My encounter with the foxy lady of Airlie seemed so unexpected, until I spoke with wildlife photographer Charles English who has been following the foxes for years. “This is the fourth generation,” says English of the new kits he’s seen this spring.
Adept at photographing the most fleeting of creatures — birds — English has nearly 50 years behind the camera, and both the equipment and patience to capture the secret life of the fox family. He’s 20 to 30 yards away, “sometimes I’m in a blind” — a concealing tent — “sometimes not,” English says. And he’s learned to wait. “I’ve waited three hours before,” for one seconds-long chance at a shot. But sometimes that shot is the mother fox nursing her still-black newborn kits or a moment with mother and father fox together — a rarity.
Notoriously private, sometimes the foxes can be spotted in the 67-acre garden and on one occasion, two foxes put on a show as they romped on the lawn.

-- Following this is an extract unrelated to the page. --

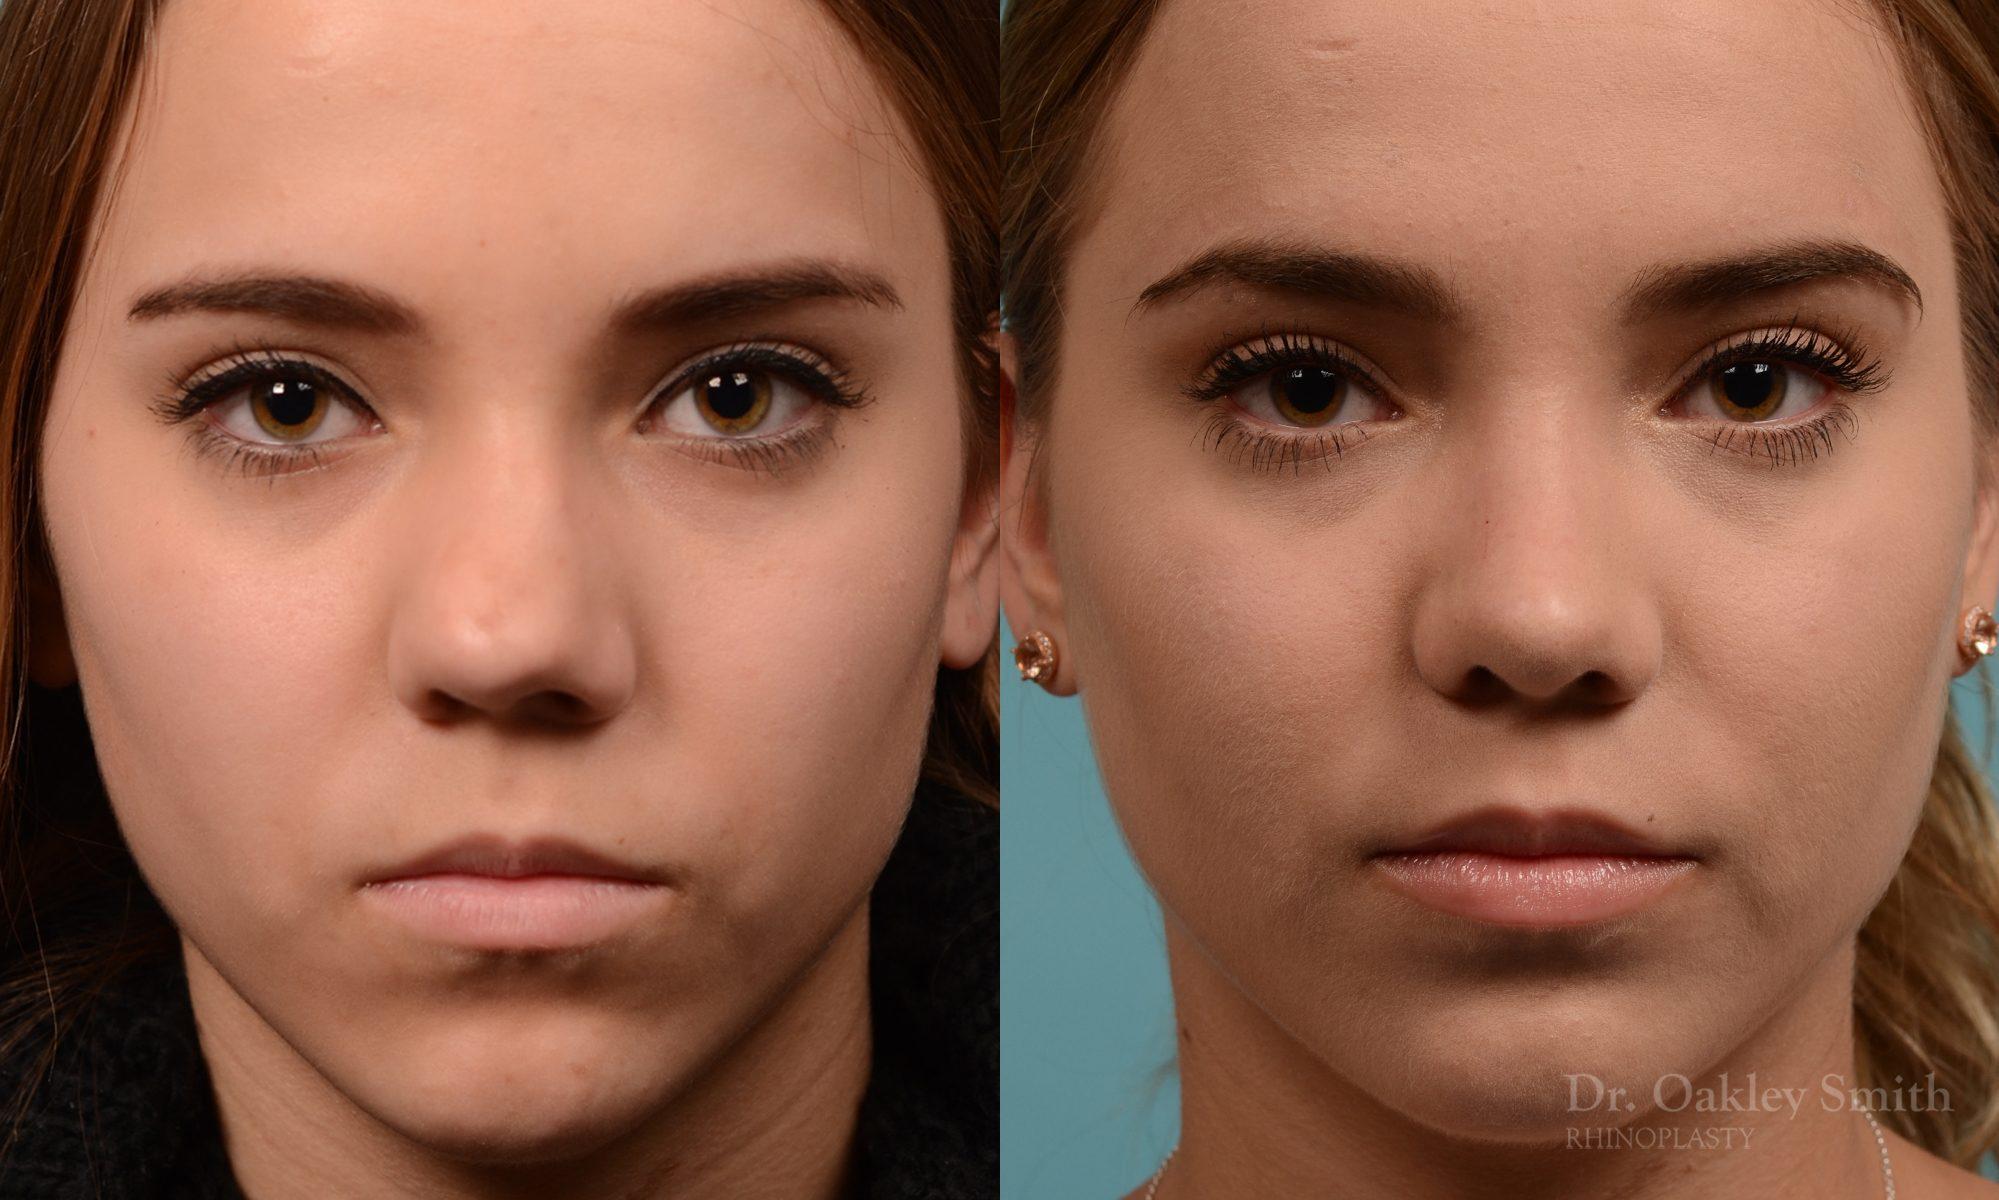 Female nose rhinoplasty remove curvature

English, a garden member who lives three minutes away, happened to capture the scene.
As taken as I always am with Airlie’s winding paths, ancient mossy live oaks, and pond bejeweled with swans, I’m enraptured to know that just behind the rows of tulips, just under the azaleas, a different, wild beauty persists.
Airlie Gardens, a historic public garden, is open to the public every day between 9 a.m. and 5p.m. Tickets: $9 (Adults) $5 (NHC residents, military and children under 12) $3 (children under 4). While wildlife sightings are enjoyable, feeding or handling the critters is strictly prohibited. Their policy is to “let wildlife be wild.”